SOURCE DATA:
Content starts
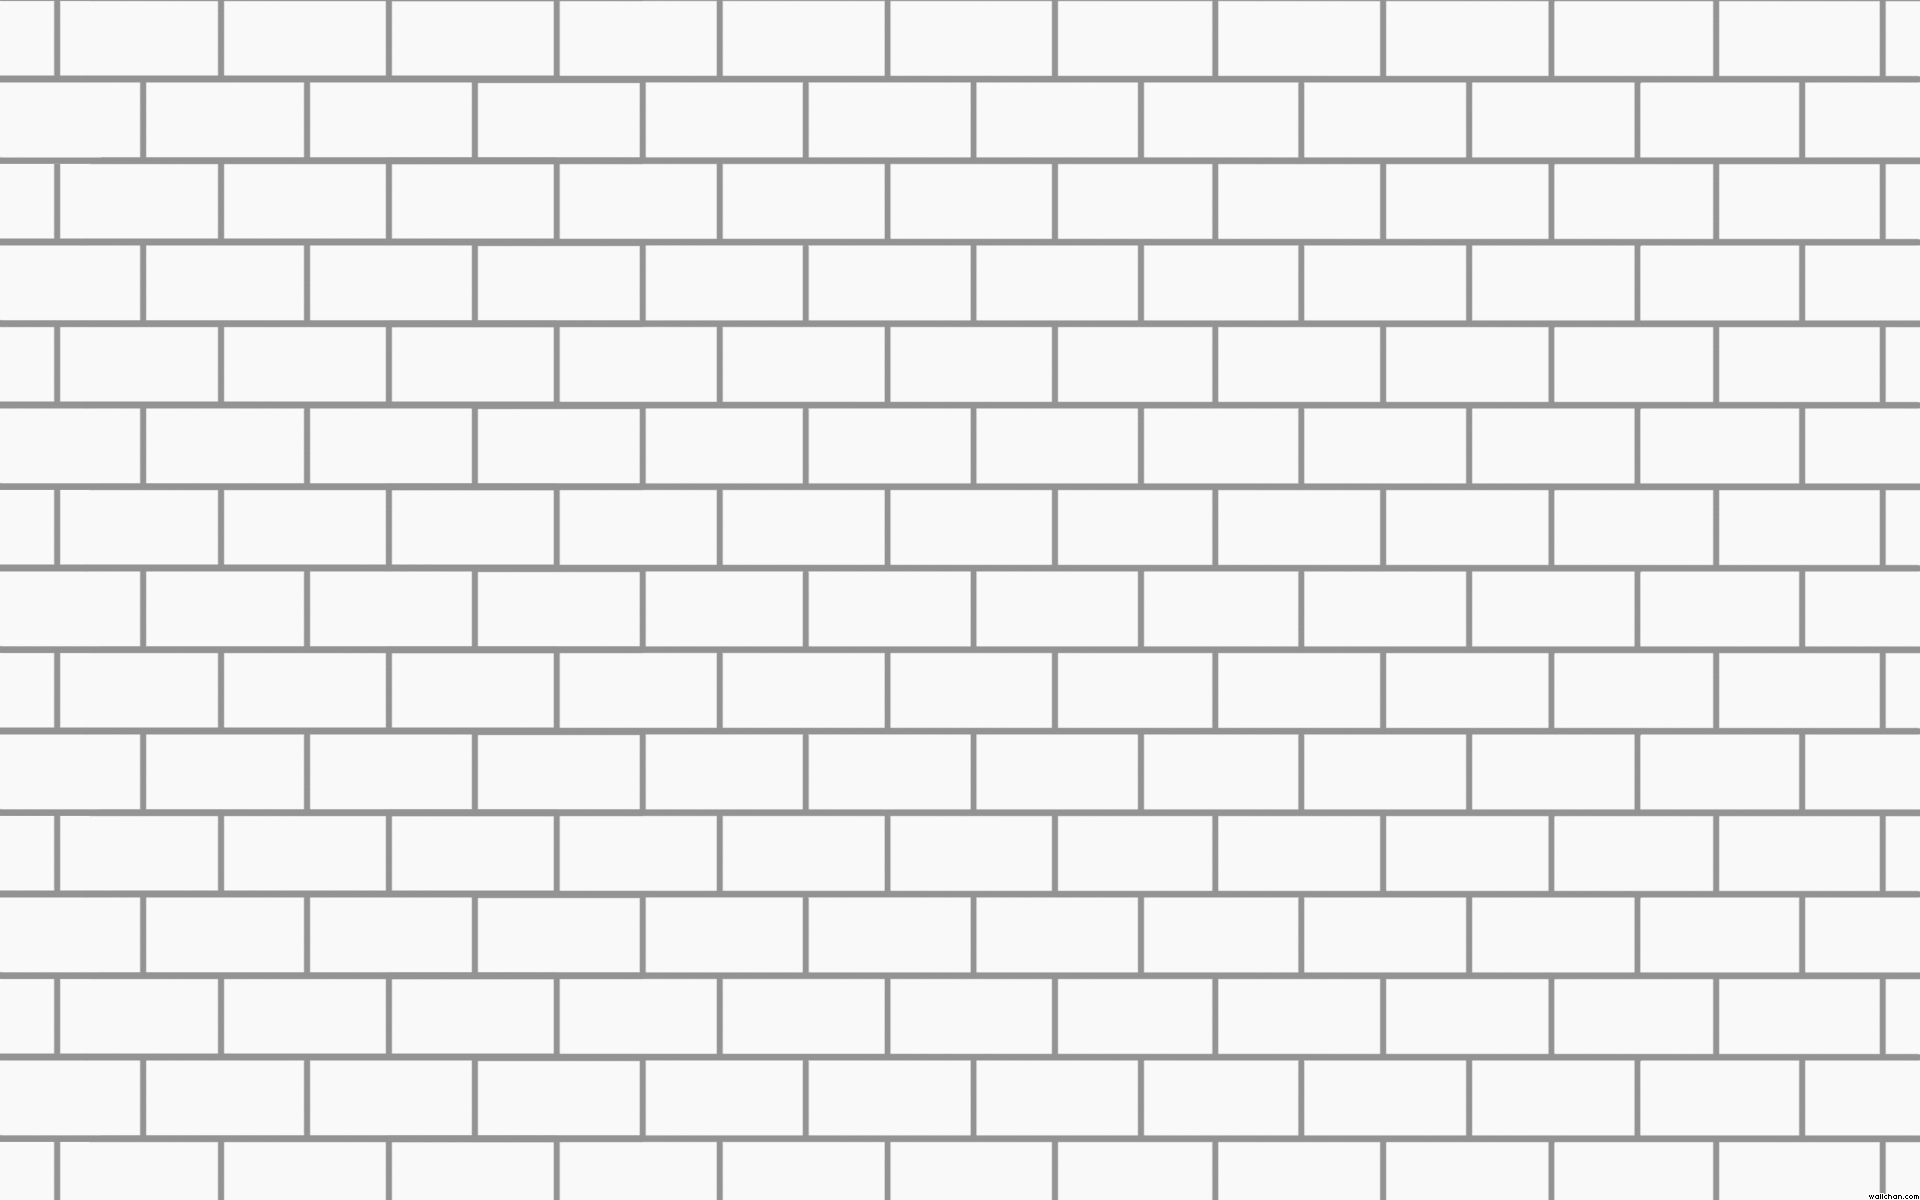 49+] The Wall Wallpaper on WallpaperSafari
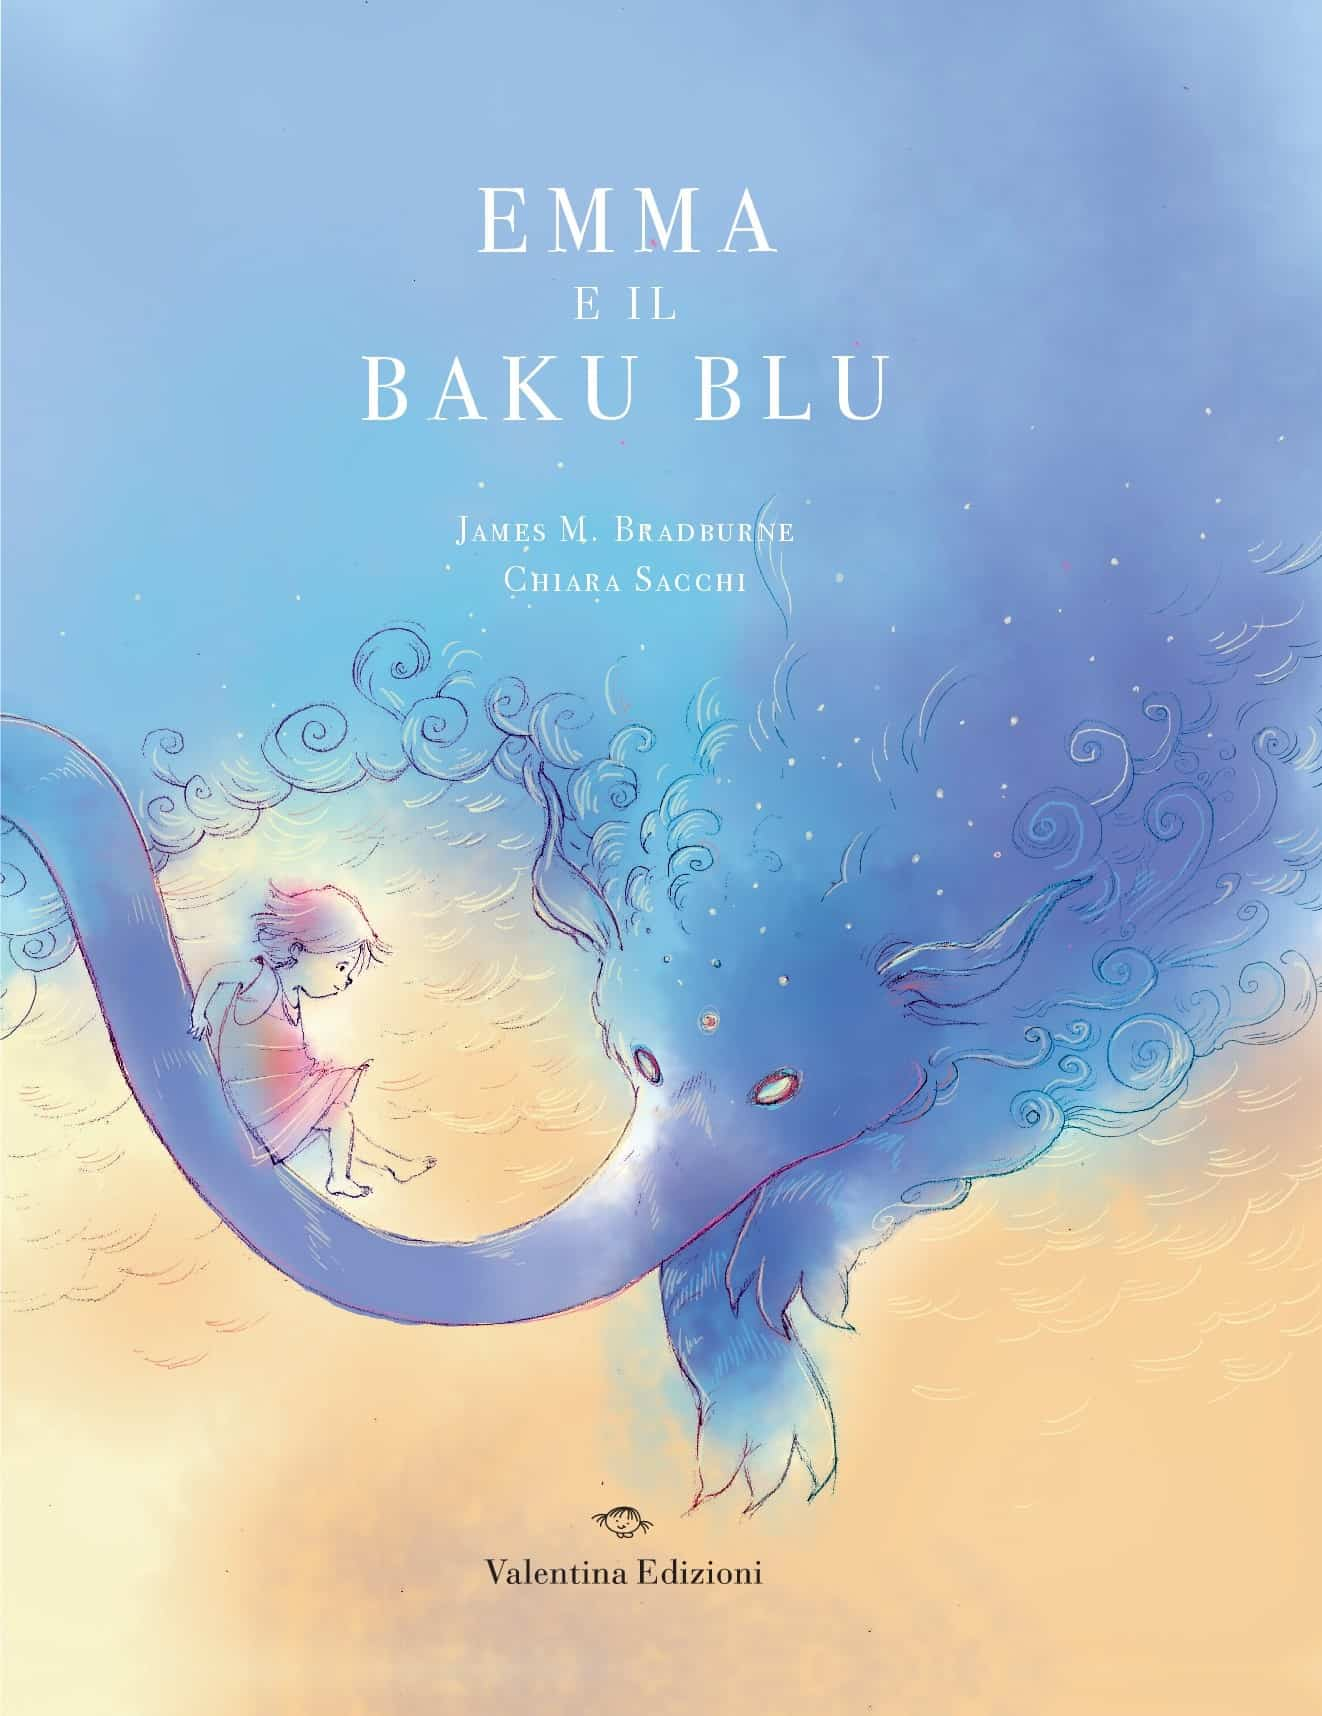 James M. Bradburne - Chiara Sacchi, Emma e il Baku blu, Valentina
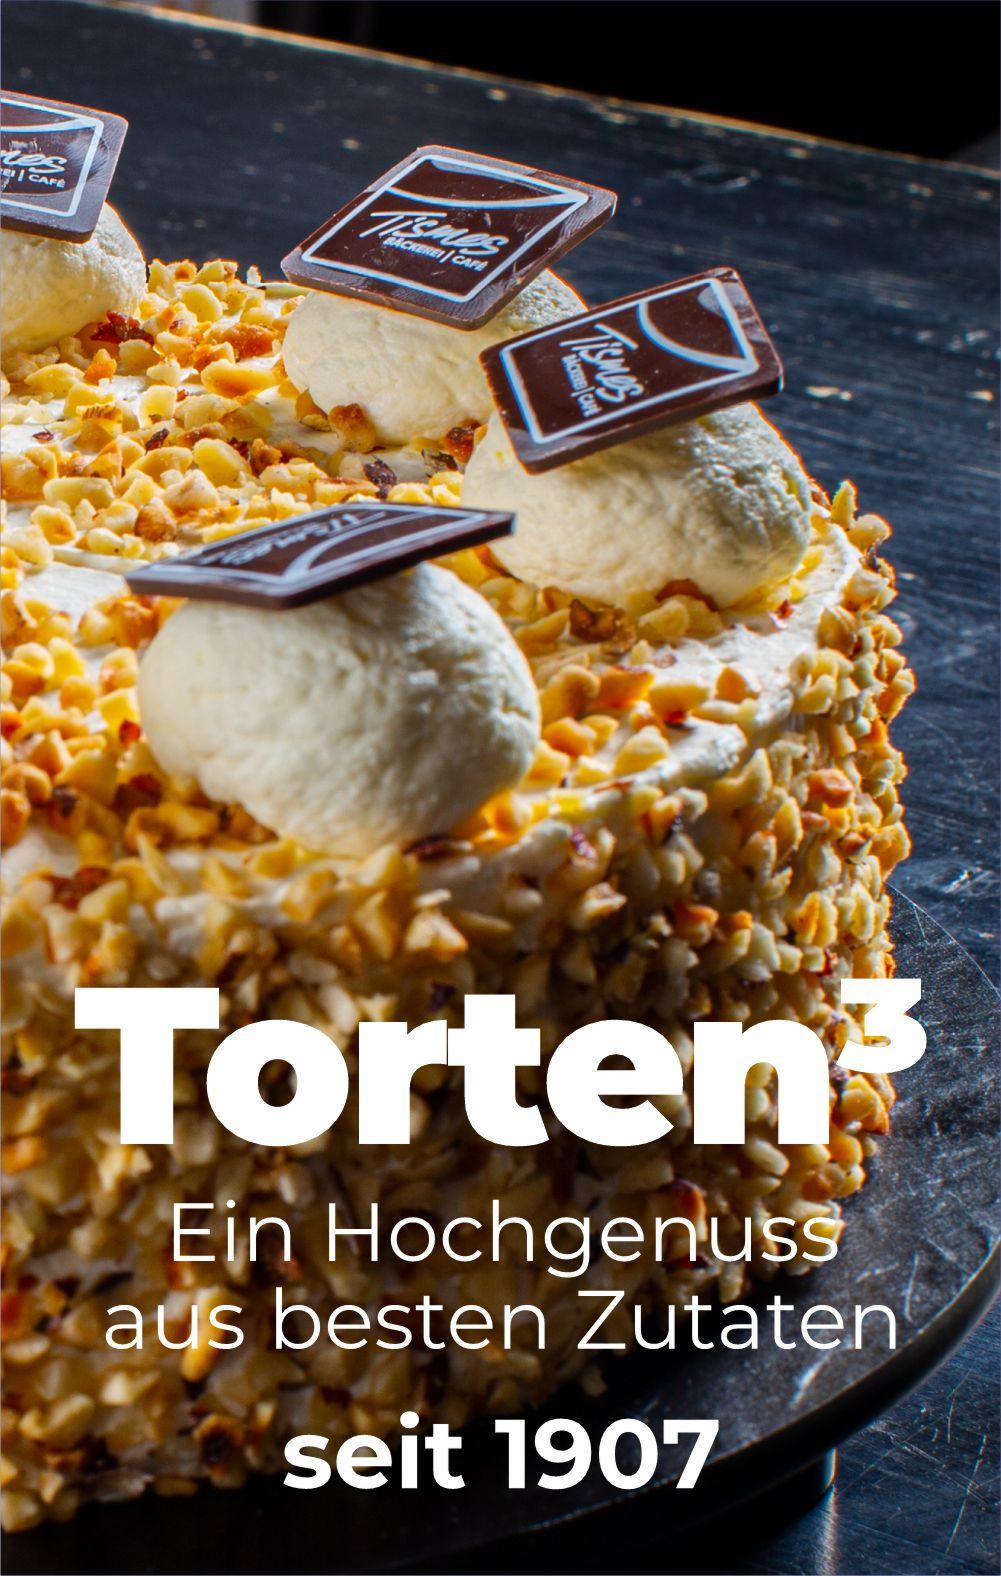 tismes_torten_005_xs
Content ends
With the pictures removed, return the full listing exactly as given.

 49+] The Wall Wallpaper on WallpaperSafari
 James M. Bradburne - Chiara Sacchi, Emma e il Baku blu, Valentina
 tismes_torten_005_xs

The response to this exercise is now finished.